CBO’s Projections of Federal Receipts and Expenditures in the National Income and Product Accounts: 2025 to 2034
The federal government's fiscal transactions are recorded in two major sets of accounts: The Budget of the United States Government (often called the federal budget), which is prepared by the Office of Management and Budget, and the national income and product accounts (NIPAs), which are produced by the Department of Commerce's Bureau of Economic Analysis (BEA). The federal budget is the framework generally used by executive branch agencies and the Congress to track agencies' budgetary resources and their expenditures, oversee their activities, and implement legislation.
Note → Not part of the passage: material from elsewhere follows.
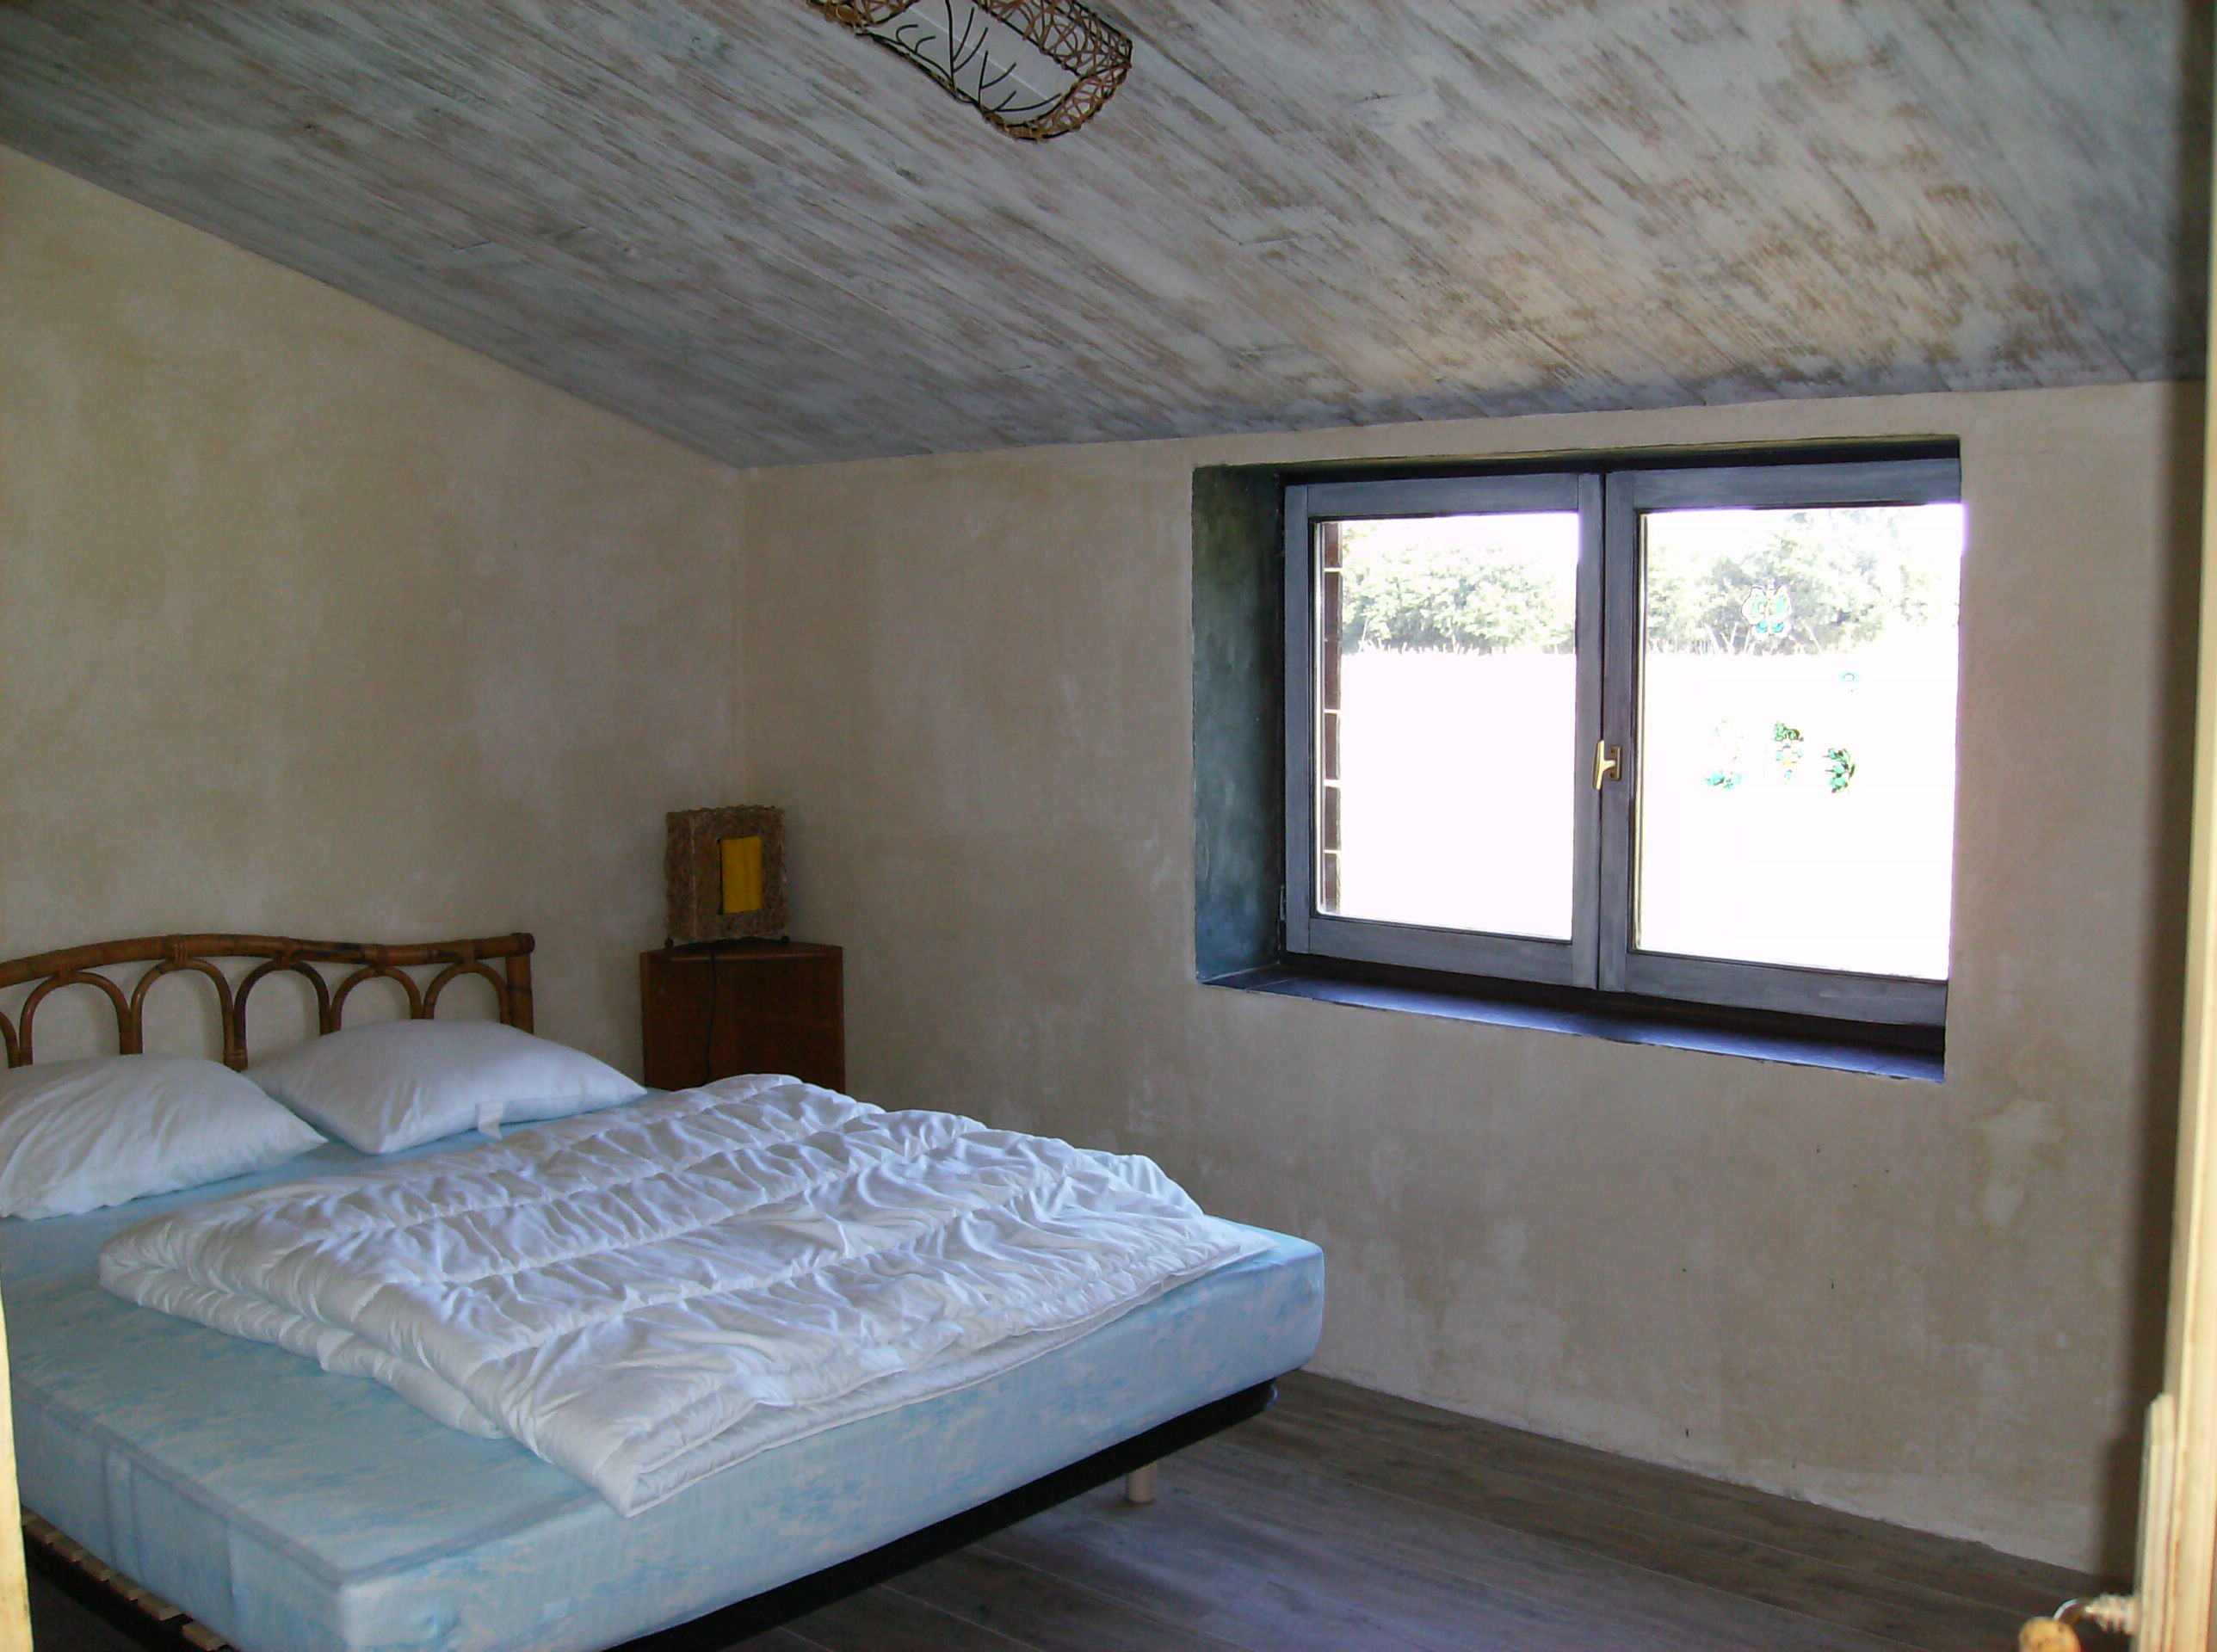 Location tudiant chambre chez l 39 habitant - Trouver une chambre chez l habitant ...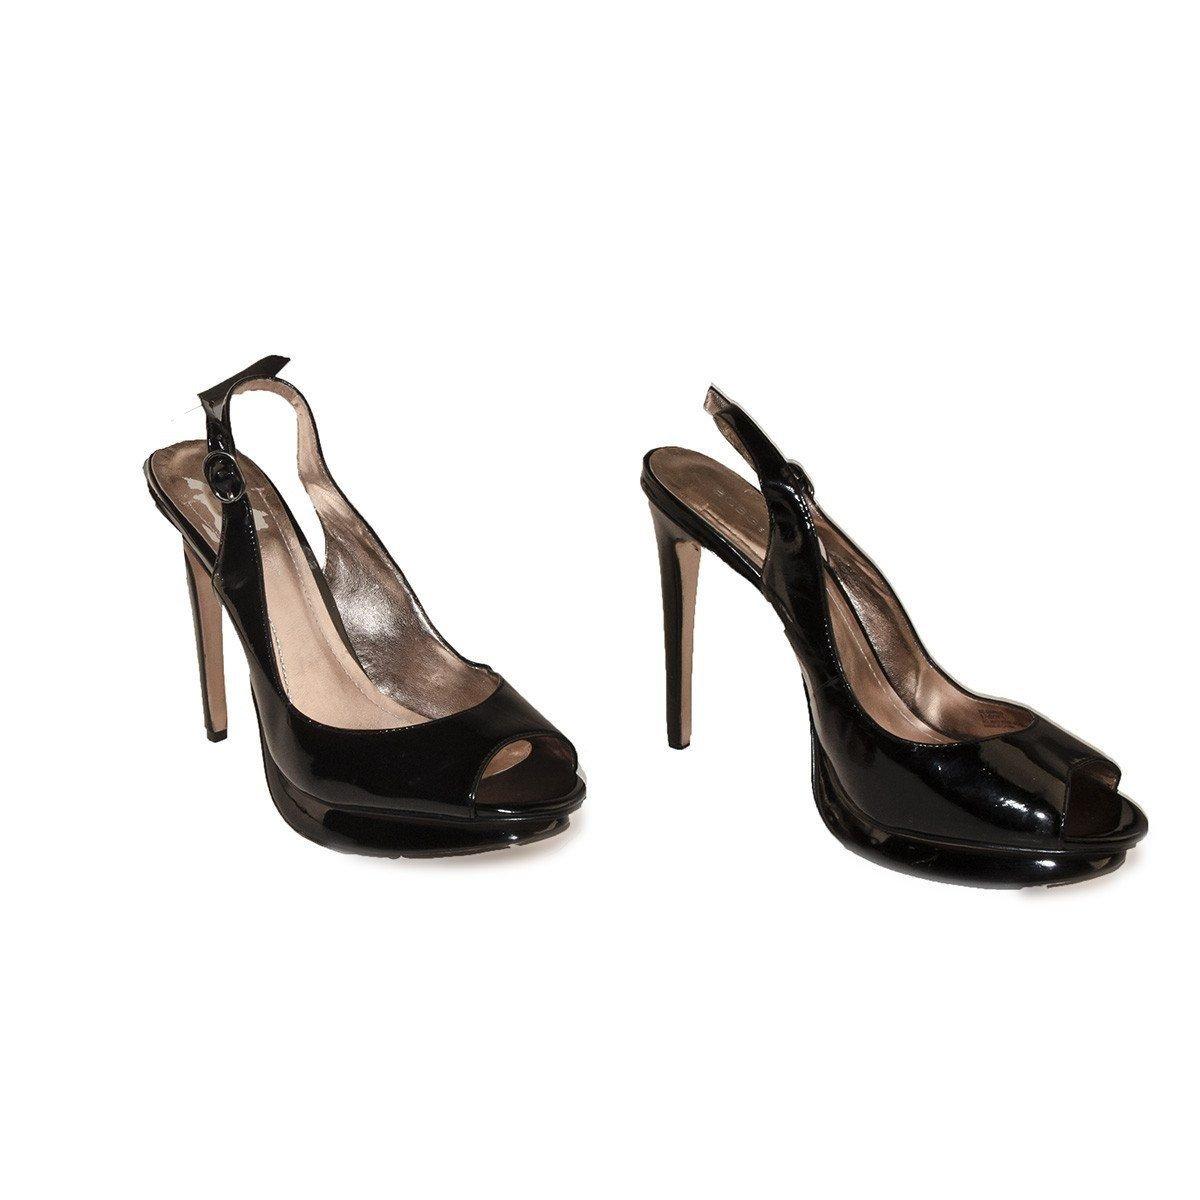 Black Patent Leather Peep Toe Slingback Stilettos, BCBGeneration, Size 8.5

The NIPAs, by contrast, are not intended to help the government plan or manage its activities. Instead, those accounts provide a general framework for describing the entire U.S. economy, rather than the federal government specifically.
Each year, the Congressional Budget Office publishes projections of federal revenues and outlays for the current fiscal year and the next 10 years. Those baseline budget projections reflect the standard structure for budgetary accounting. This report offers additional assistance to analysts and forecasters examining the entire U.S. economy by presenting CBO's projections of revenues and outlays for the 2025–2034 period in the NIPA framework and its categories of current receipts and expenditures.
The projected budget totals under the two sets of accounts are similar but not identical. Because of conceptual differences, for the 2025–2034 period, cumulative current receipts in the NIPAs exceed projected revenues in CBO's baseline by about 5 percent, and current expenditures in the NIPAs exceed projected outlays in the baseline by about 3 percent.
CBO's baseline budget projections include federal deficits or surpluses, which are calculated by subtracting outlays from revenues. In the NIPAs, net federal government saving is calculated by subtracting current expenditures from current receipts. When current expenditures exceed current receipts—as they do throughout the projection period—the amount of net federal government saving is negative and akin to a budget deficit.
The projected amount of negative federal saving for 2025 is $1.9 trillion. Negative federal saving remains less than that through 2028, reaches $2.0 trillion in 2029, and then grows to $2.8 trillion in 2034. Deficits in CBO's baseline budget projections follow a similar pattern: In 2025, the deficit amounts to $1.9 trillion. Deficits shrink slightly before returning to that amount in 2028 and 2029; they grow thereafter, reaching $2.9 trillion in 2034. Over the 2025–2034 period, the amount of negative federal saving, which totals $21.5 trillion, is projected to be slightly less than the cumulative deficit, which totals $22.1 trillion.